So finally, through the seemingly inconsequential and absurd figure of a player to be named later turning out to be a player already named, we reach the realm of history, or at least what could be considered a footnote to history. I am referring to that most notable player involved in the Terpko for Terpko trade: Curt Flood. Before being involved in the trade that featured two teams treating Jeff Terpko like a bad luck charm, Curt Flood was involved in arguably the most important transaction in baseball history, a trade between the Cardinals and the Phillies that Curt Flood refused to accept. His refusal to report to the Phillies set in motion the end of the reserve clause in major league baseball, a clause that had allowed teams to treat players like chattel (or like Jeff Terpko) for decades. Flood’s good major league career was basically brought to an end by his taking a stand, but the trade listed above did allow him to have a few final largely ineffective at-bats with the Senators in 1971, a season that proved to be a footnote to what eventually came to be seen, because of his brave and self-sacrificing stand, as a historic career.

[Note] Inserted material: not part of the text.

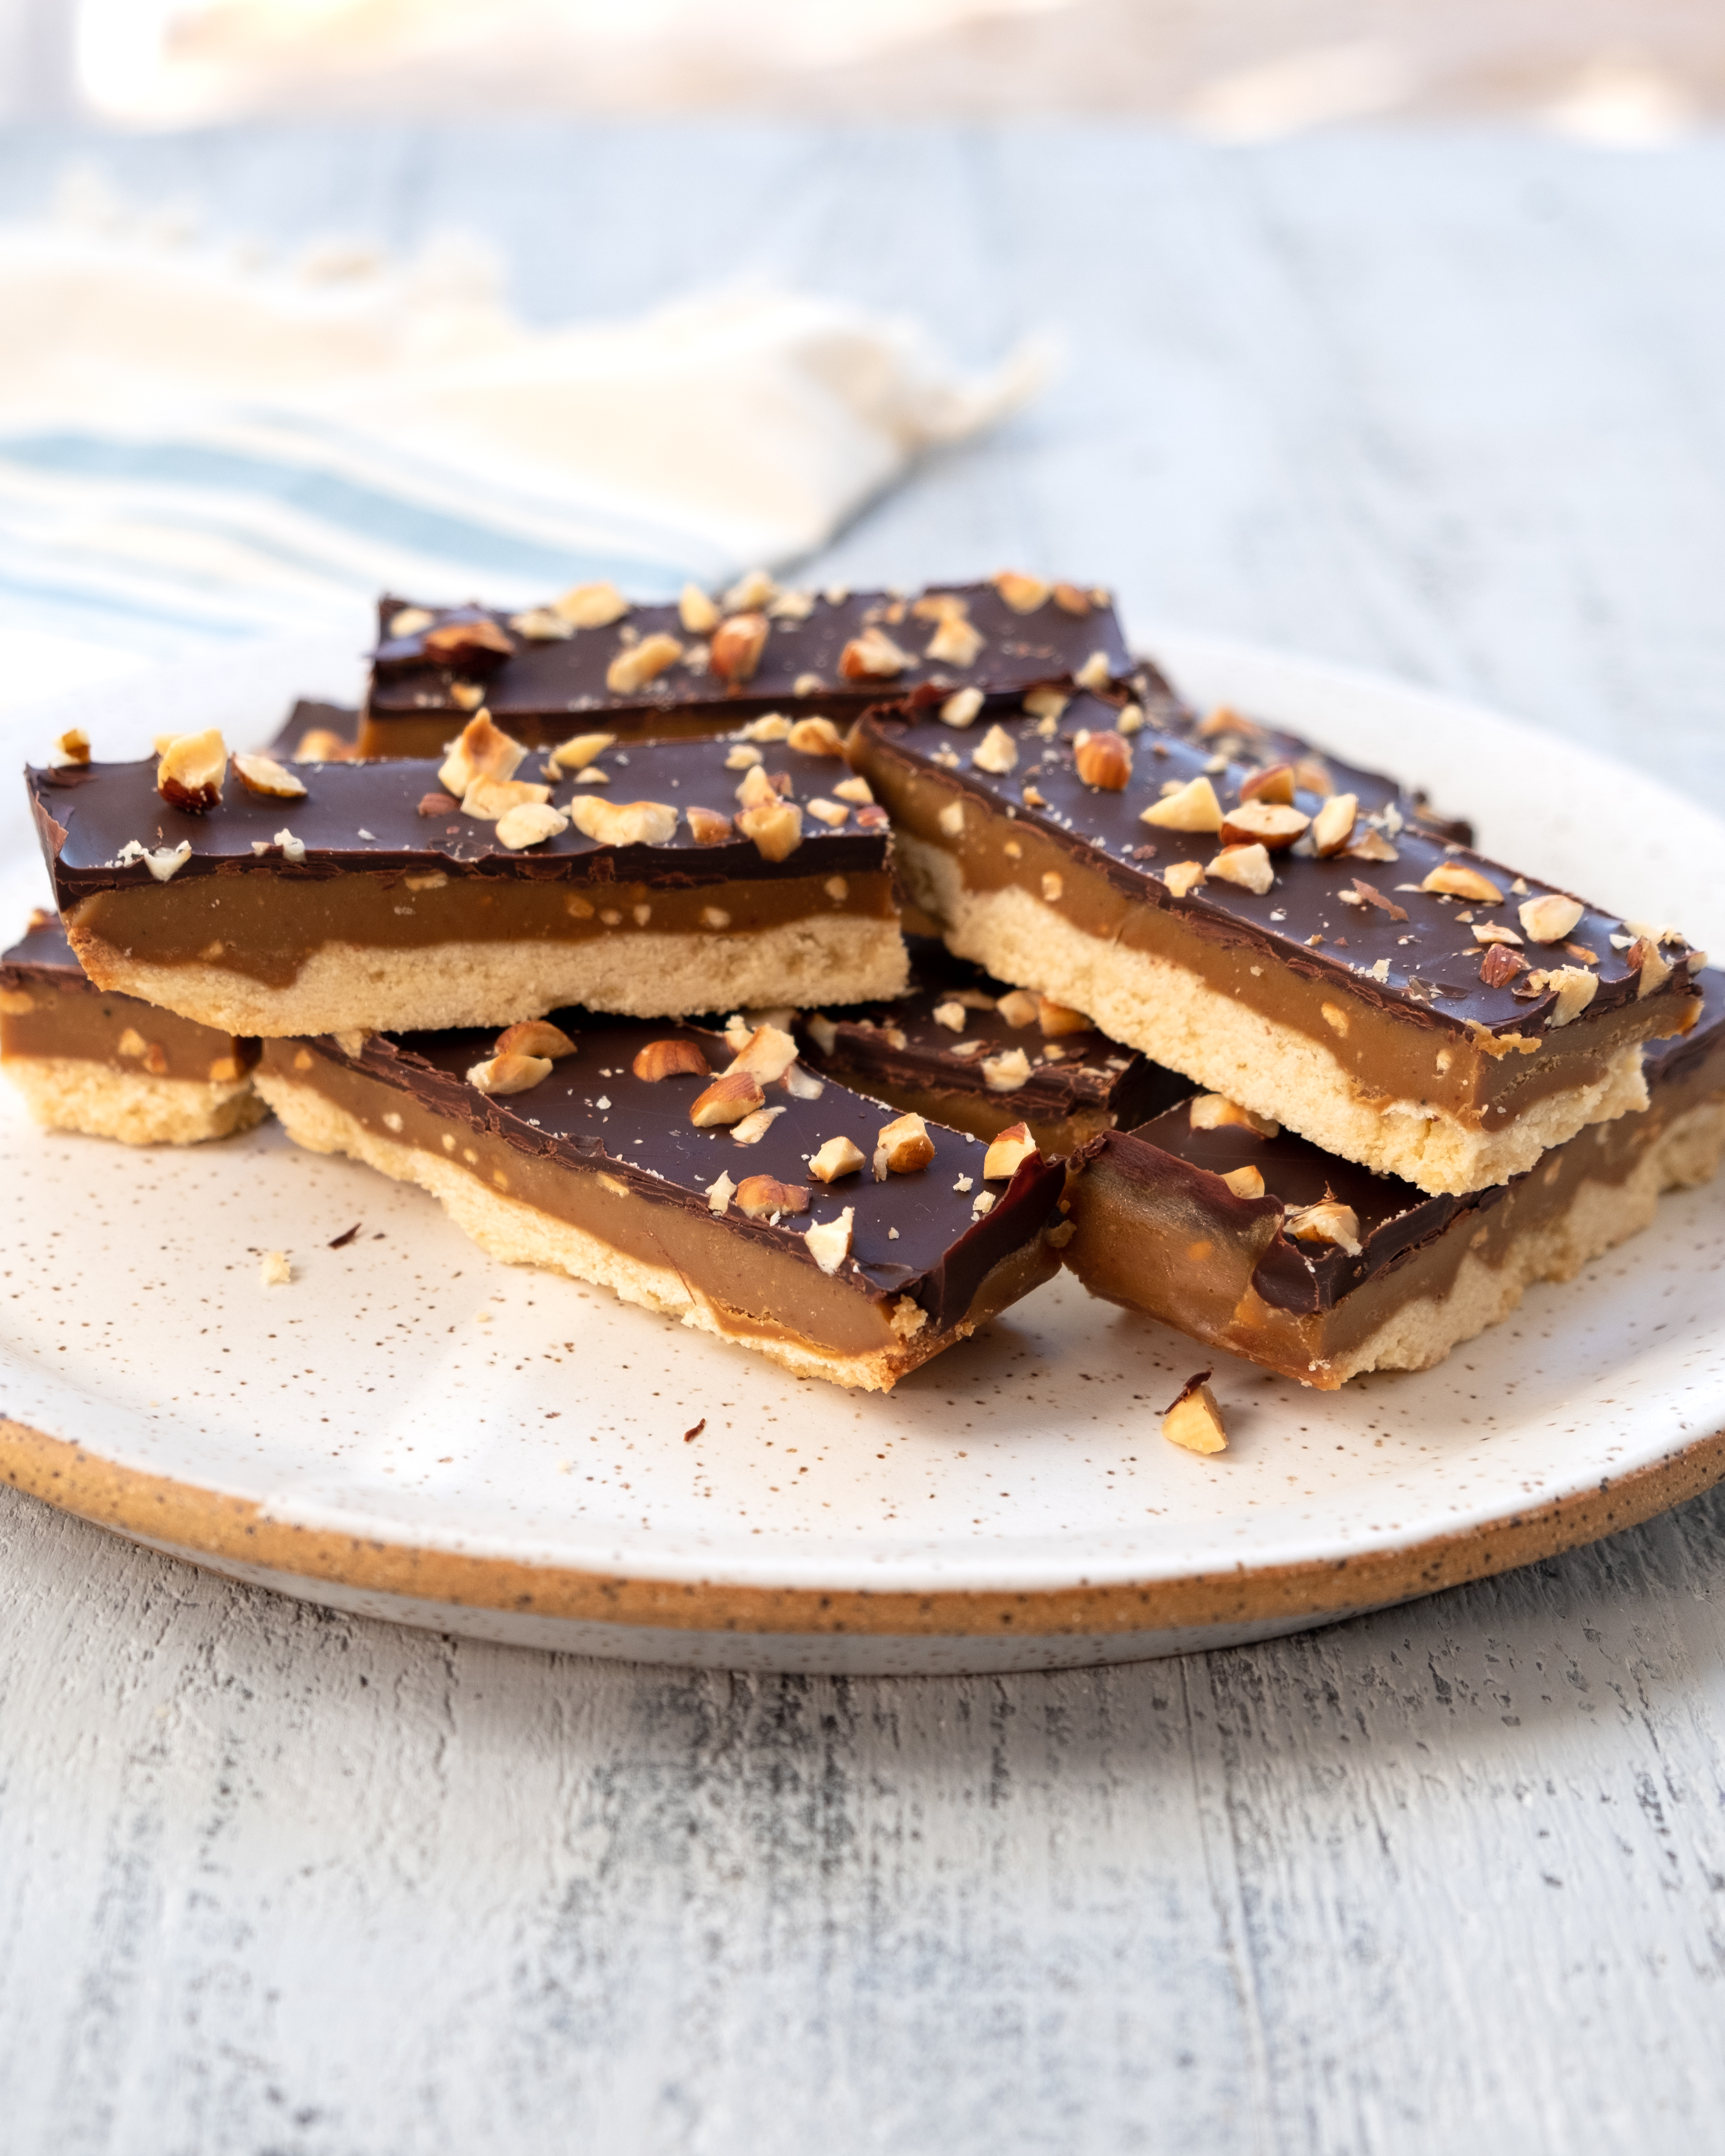 Salted Caramel Twix Are Coming, So Prepare For A Sugar High

A footnote to that footnote to that footnote shows that Terpko had a knack for ghosting peripherally at the edges of careers of guys taking stands. Later he was traded for Rodney Scott, who in turn, some years later, was released by the Montreal Expos, which caused Expos teammate Bill Lee to stage a one-man strike against the team. If I remember correctly, Lee first bolted from the stadium before a game to drink beer and play pool for a few innings, though I think he did return when he thought he might be needed in relief. I think the next day he went into the general manager’s office and sat there chanting in a lotus position until the general manager arrived and told him his services would no longer be needed.

Terpko’s exit from the majors happened a few years earlier and was more conventional. He entered a June 2, 1977, game in the sixth inning against the New York Mets. His team, the Expos, was down 6-3. He walked Len Randle, allowed Len Randle to steal second, got Felix Milan to fly out, then walked the bases full and was yanked from the game and never called on again.